Seasons
- ← 19741976 →

= 1975 Trans-Am Series =

American sports car racing competition

The 1975 Trans-Am Series was the tenth running of the Sports Car Club of America's premier series. All races except for the Six Hours of Watkins Glen ran for approximately one hundred miles.

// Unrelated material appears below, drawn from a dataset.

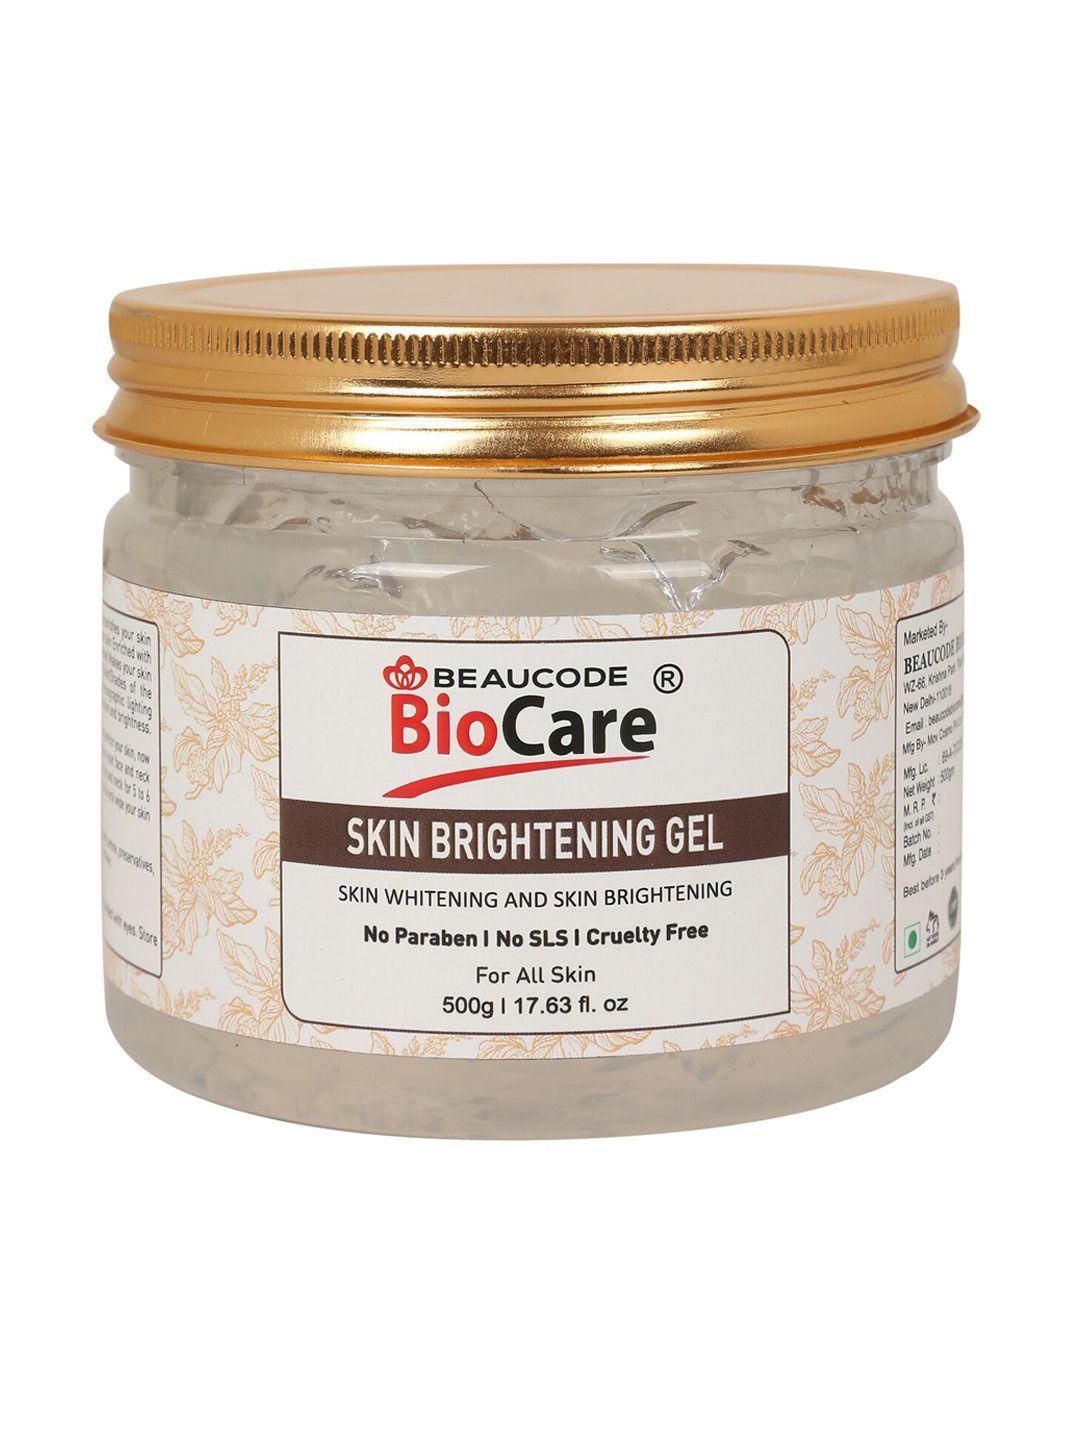 beaucode biocare skin brightening gel for all skin types - 500 g

The Drivers Championship was won by John Greenwood and the Manufacturers title was awarded to Chevrolet.

==Results==

| Round | Date | Circuit | Winning driver(s) | Winning vehicle |
|---|---|---|---|---|
| 1 | June 1 | Pocono | USA John Greenwood | Chevrolet Corvette |
| 2 | June 1 | Seattle | USA Walt Maas | Datsun 280Z |
| 3 | June 15 | Portland | USA John Greenwood | Chevrolet Corvette |
| 4 | June 29 | Nelson Ledges | USA John Greenwood | Chevrolet Corvette |
| 5 | July 12 | Watkins Glen | USA Babe Headley USA Paul Missuriello | Chevrolet Corvette |
| 6 | July 26 | Road America | USA Jerry Hansen | Chevrolet Corvette |
| 7 | September 7 | Brainerd | USA Jerry Hansen | Chevrolet Corvette |

Note: The Six Hours of Watkins Glen was also a round of the 1975 World Championship for Makes, and was won outright by Henri Pescarolo and Derek Bell driving an Alfa Romeo 33TT12. Headley & Missuriello were the best placed of the Trans Am competitors.